Phyllis Schlafly: End Early Voting Because It Helps Democrats

When Republican-controlled legislatures around the country have passed laws curtailing early voting, they have invariably insisted that these laws have nothing to do with politics.

Eagle Forum founder Phyllis Schlafly, however, has no problem with admitting the reason she wants to do away with early voting: giving people more time to cast their ballots might help Democrats.

Writing today in WorldNetDaily, Schlafly insists — without any evidence — that early voting is rife with fraud and enables Democratic campaign workers to “harass and nag low-information voters until they turned in their ballots.”

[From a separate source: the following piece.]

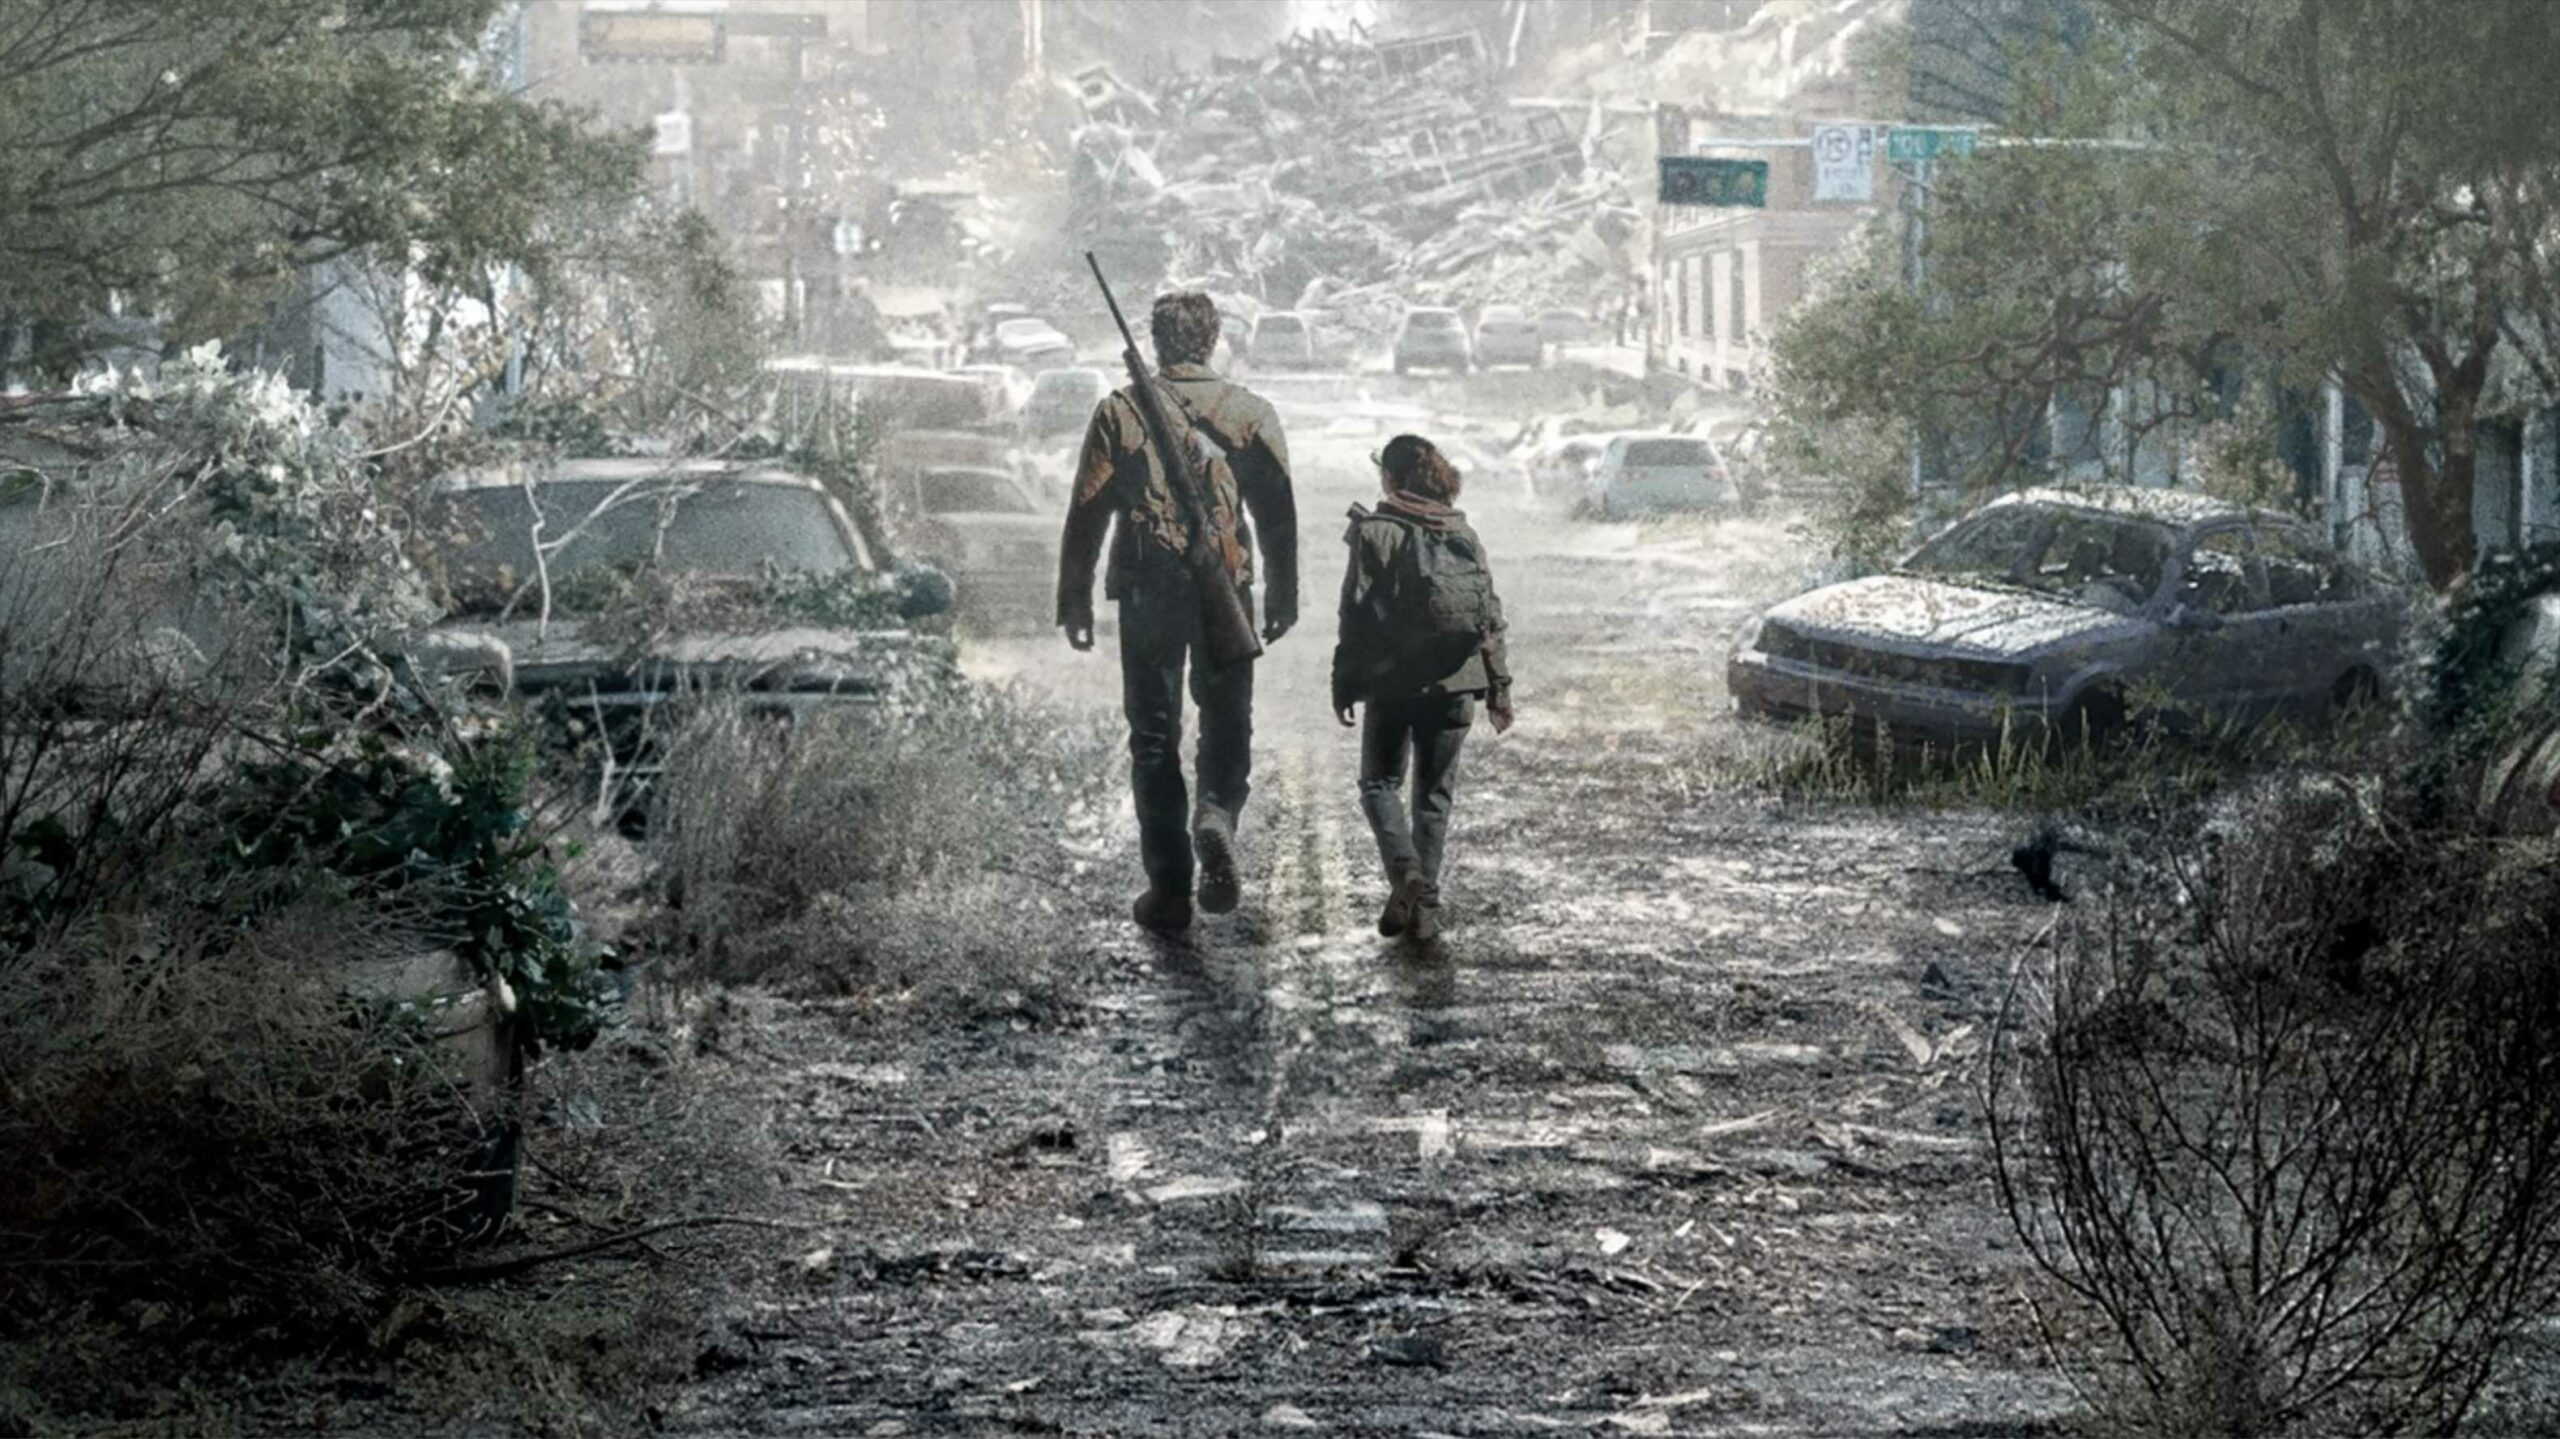 HBO Max Raises Price Just Days Before 'The Last of Us' Premiere
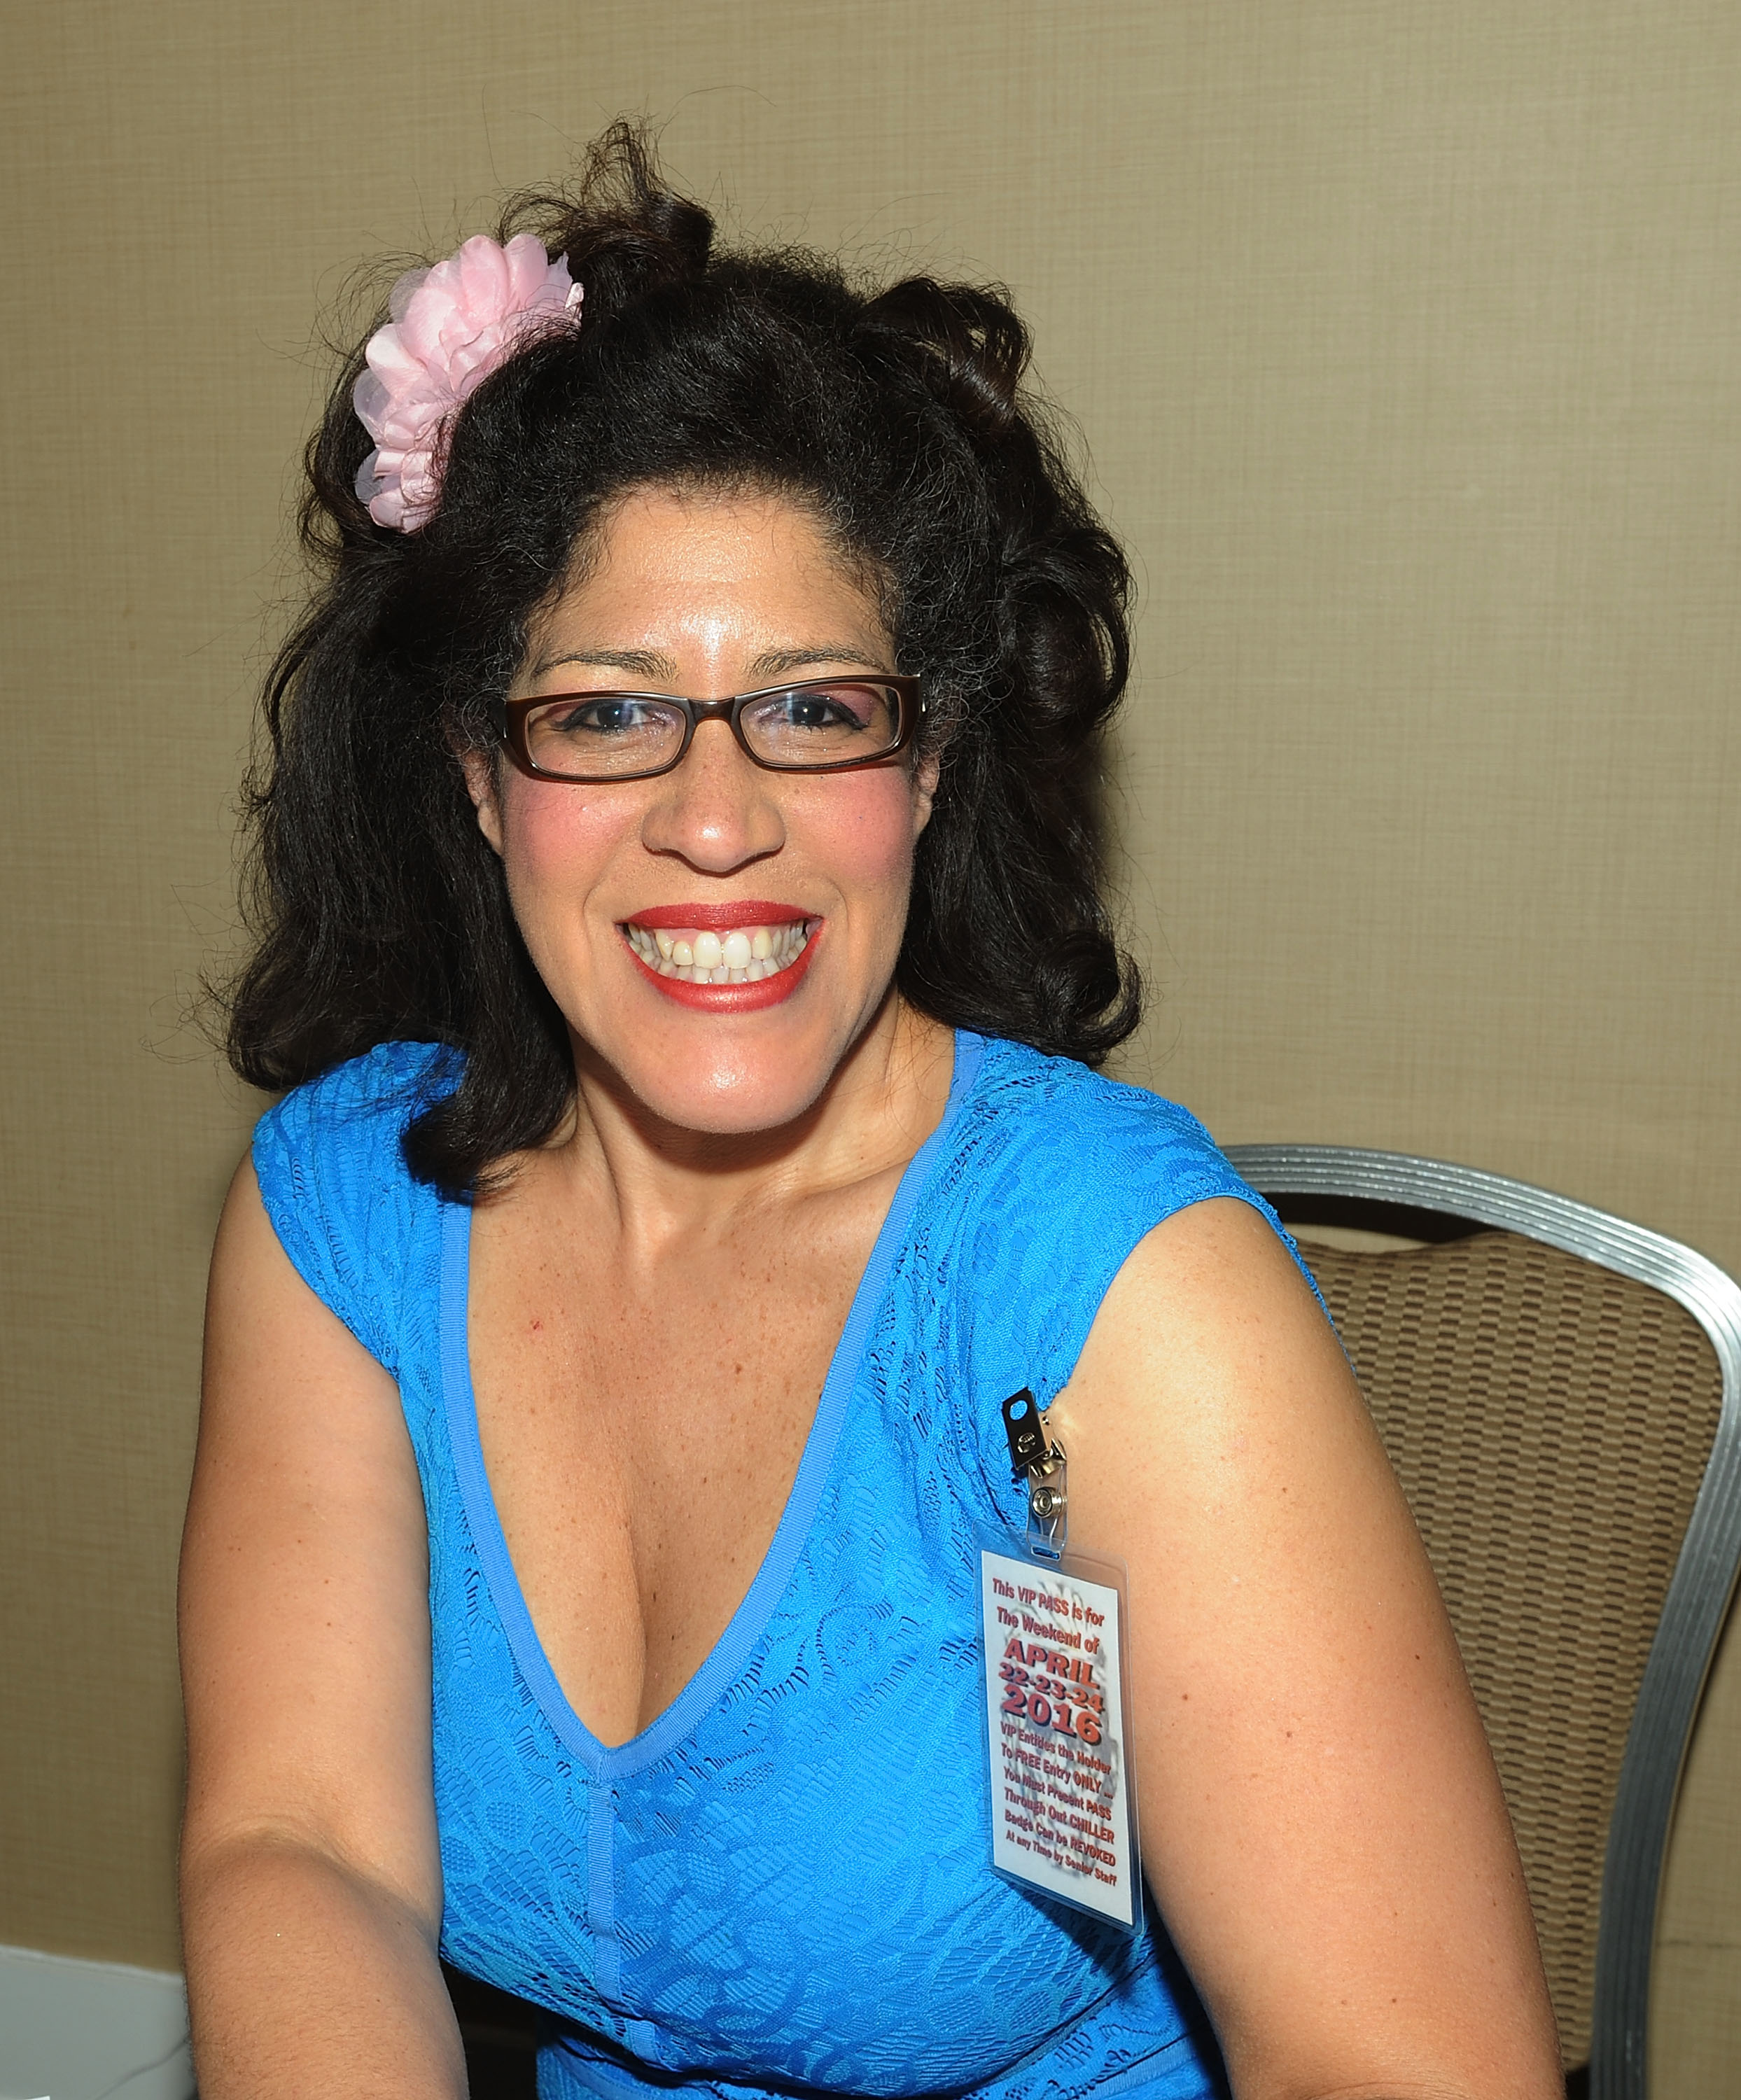 Rain Pryor attends the 2016 Chiller Theater Expo at Parsippany Hilton on April 22, 2016, in Parsippany, New Jersey. | Source: Getty Images

She blames early voting in states like Ohio for President Obama’s reelection victory, and worries that early voting may help Democrats in the upcoming midterm elections as people who have already voted “may wish to change their vote” because of “the Ebola scandal.”

Last year, Schlafly offered a similar defense of a voter suppression law in North Carolina.

Because of the Ebola scandal, some may wish to change their vote, but that is impossible for those who have already voted. Some early voters may die before Election Day, and early voting allows the votes of those dead people to be included. If there is any dispute over whether their votes were valid or fraudulent, they are no longer with us to defend themselves.

Typically, there are no poll watchers during early voting, so the integrity of the casting of the ballots cannot be monitored. Many of the early votes are cast in a coercive environment, such as a union boss driving employees to the polls and watching over the process so there is no guarantee that their votes will be private.

Democrats promote early voting for the same reason they oppose voter ID: because they view early voting as helping their side. In the absurdly long 35-day period of early voting in Ohio in 2012, Democrats racked up perhaps a million-vote advantage over Republicans before Election Day was ever reached.

Republicans have been slow to realize how early voting helps the Democrats. Most top Republican political operatives firmly believed, right up to the morning of the 2012 election, that Mitt Romney was going to win.

In his expert analysis of why Republicans lost the 2012 election, scholar and WND writer Jerome Corsi quoted Mitt Romney’s chief campaign strategist, Stuart Stevens, on the last plane flight of the 2012 campaign, confidently assuring all that Romney would win the presidency because “a positive campaign message trumps a good ground game every time.”

Romney lacked a message, too, but he was mainly defeated by the Democrats’ superb ground game, which exploited early voting in key states such as Florida and Ohio. By continuously updating their computer-based information about who had not yet voted, Democrats could harass and nag low-information voters until they turned in their ballots.